Natrum muriaticum 200 CH should only be repeated when symptoms reappear, in small quantities (10 globules) of water, dynamizing it a little more each time than the previous time, i.e., giving the solution a few more succussions than the previous administration.

July 22, 2025:

The patient is still in good health, moves very well, and her blood tests are good. At the last check-up, the rheumatologist decided to suspend Methotrexate and cyclosporine and to maintain only 2.5 mg of prednisone (sic, !!!).  It was not necessary to repeat any administration of the homeopathic remedy.

December 19, 2025: 

The situation remains unchanged.
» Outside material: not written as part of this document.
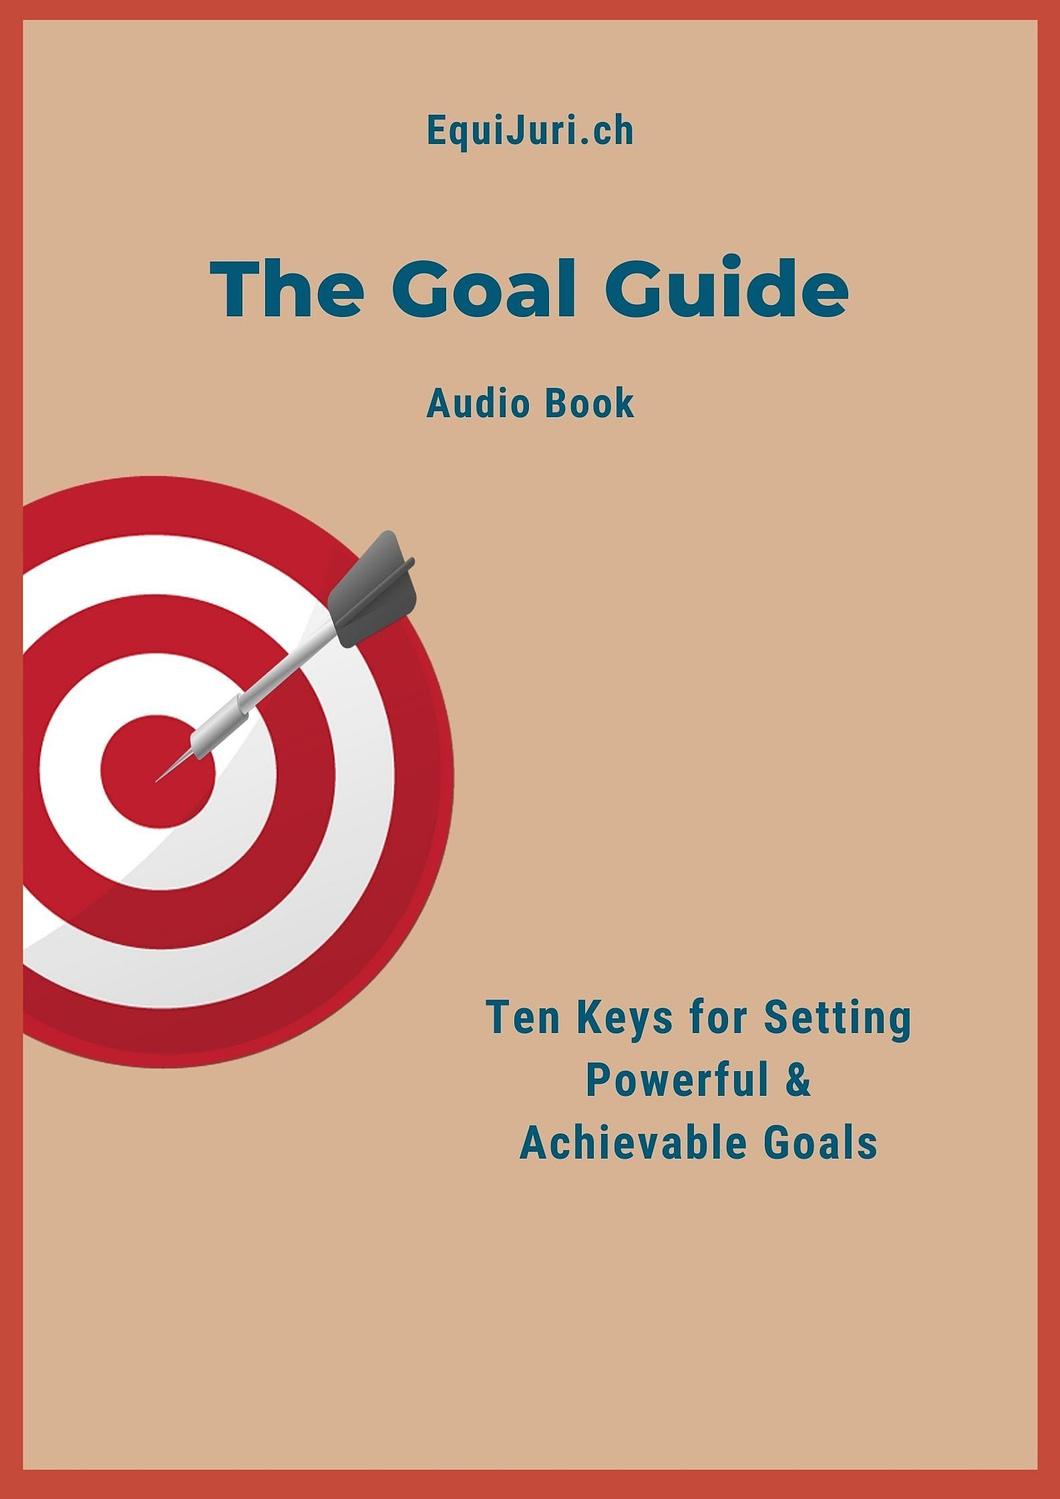 The Goal Guide EquiJuri

A few days earlier, Adele took a few globules of Natrum muriaticum 200 CH in water, more out of fear that her symptoms would reappear than because they had actually reappeared (according to her, the symptoms of fasciitis seem to be very minimal and subtle).

February 9, 2026

How is Adele doing?

She has not taken any more Natrum Muriaticum globules and is in good health. She will contact me if any symptoms reappear, but I will see her again at the end of May anyway.

RESULT

To date, the case is progressing positively. Adele has resumed a normal life and is able to do everything without any particular problems or limitations.

This is, of course, a complex condition that will need to be monitored over time, assessing any changes, aggravations, and the need to review any symptoms that may appear.
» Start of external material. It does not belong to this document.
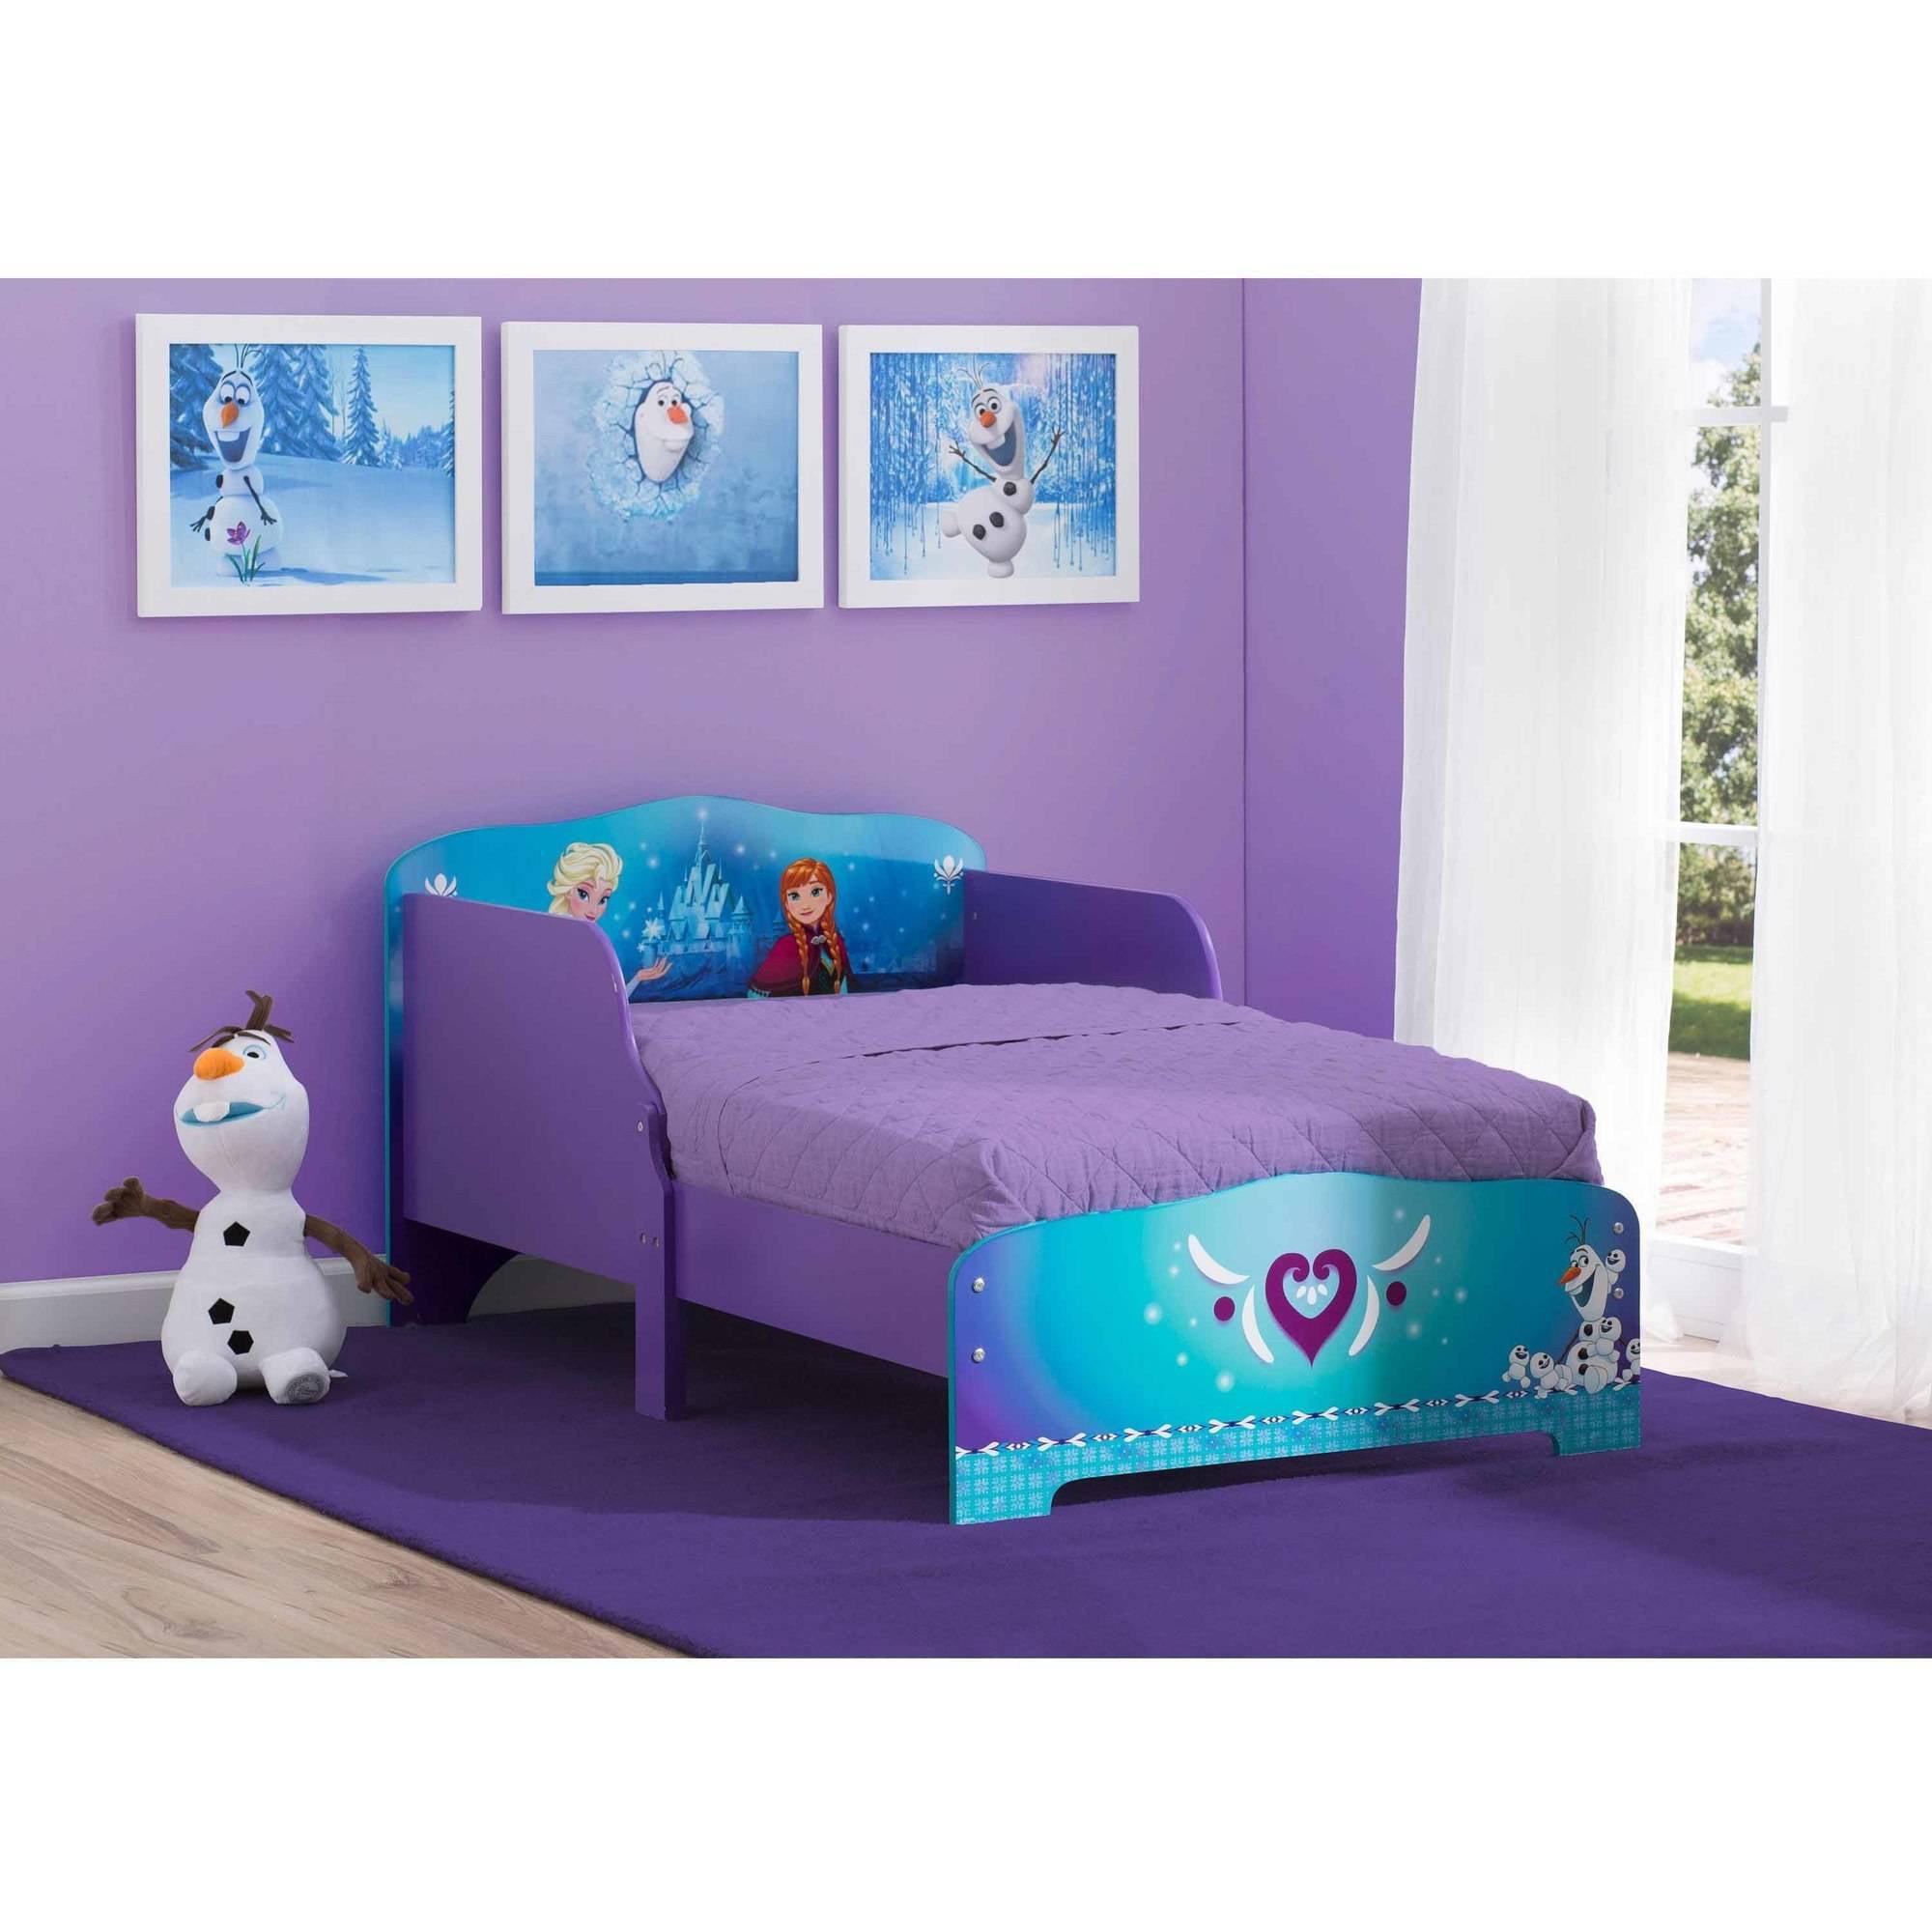 Superior Disney Frozen Wood Toddler Bed   Walmart.com

We would like to remind you that the goal of homeopathic treatment is not simply to make this or that symptom disappear (a result that can certainly be achieved with conventional therapy without, however, improving the patient’s overall mental and physical condition and susceptibility to illness), but to address the true cause of the disease which, as Hahnemann indicates in paragraph 5 of the Organon, confirmed by many of the most illustrious homeopaths over two centuries) is the MIASMATIC CONDITION OF THE PATIENT (it is useful to the physician, as it helps him to treat everything related to the exciting or occasional cause, more likely in acute disease, as well as the most salient points in the history of chronic disease, which enables him to discover the fundamental cause, which is generally due to a chronic miasm) .
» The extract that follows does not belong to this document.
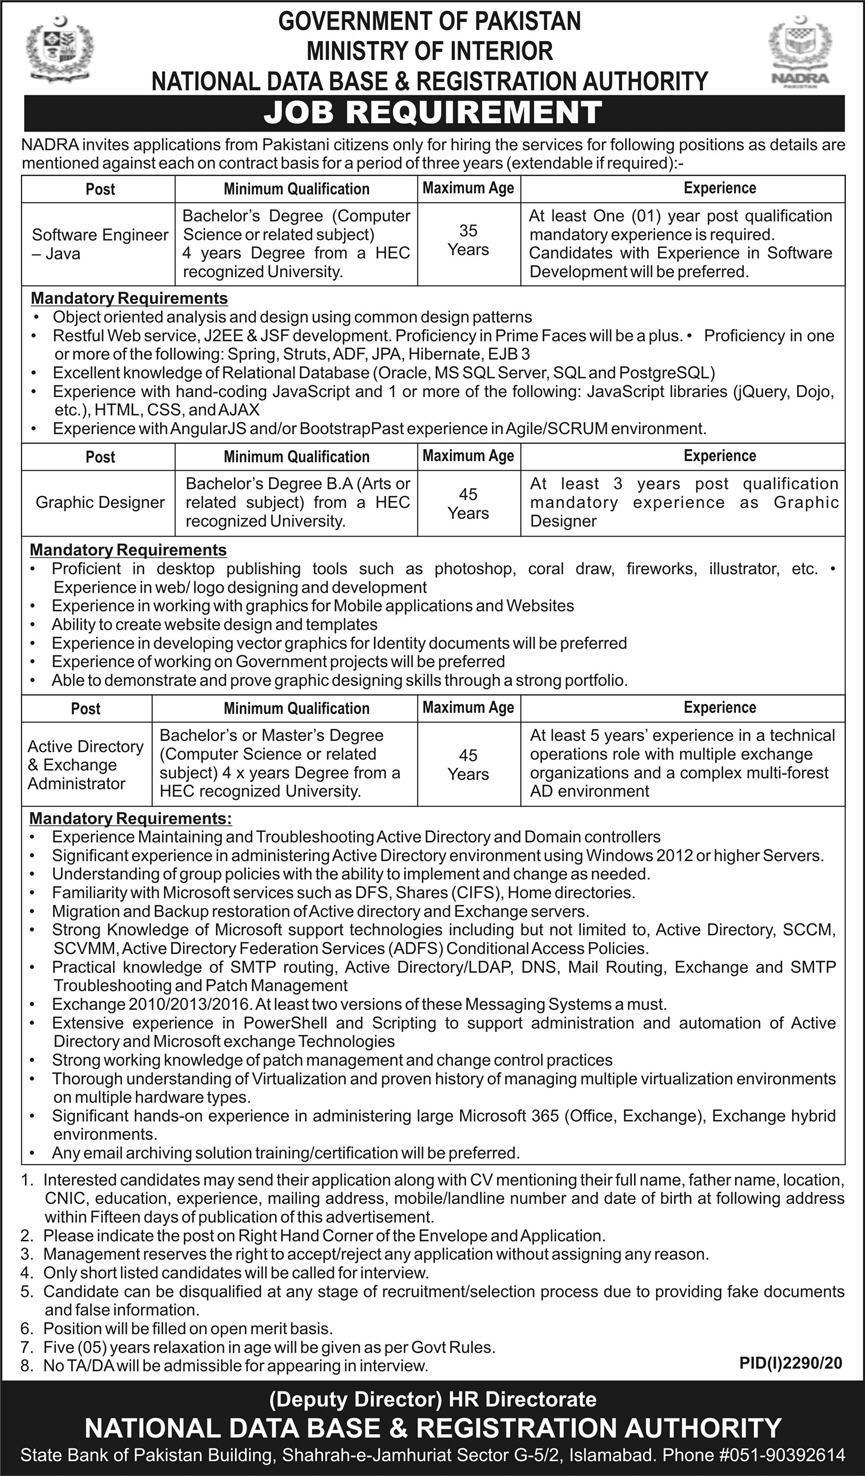 NADRA Latest Jobs National Database & Registration Authority Jobs in Pakistan Jobs 2021

Homeopathic therapy prescribed according to Hahnemann’s criteria proved effective, at least until the patient’s last check-up. The symptoms reported by the patient, corresponding to the experimental symptoms of the remedy, were resolved by the administration of the homeopathic medicine. Organon paragraph 2: “The highest ideal of a cure is to restore health quickly, gently, and permanently; that is, to remove and destroy the entire disease by the shortest, safest, and least harmful means, based on principles that are easy to understand.”

CONCLUSIONS  – 

This clinical case confirms the dictates of the LMHI definition of homeopathy, which is based on the paragraphs of the Organon

The LMHI (Liga Medicorum Homoeopathica Internationalis) defines: 

“Homeopathy is a method of medical practice that aims to improve the health of an organism through the administration of medicines that have been tested, potentized, and individually selected according to the Law of Similitude.”

LMHI-ECH: Training standards for member schools – 2012, p. 5

The approach is holistic, considering the patient as a whole (physical, mental, and emotional) to stimulate self-healing mechanisms and reduce inherited and/or acquired miasmatic burdens.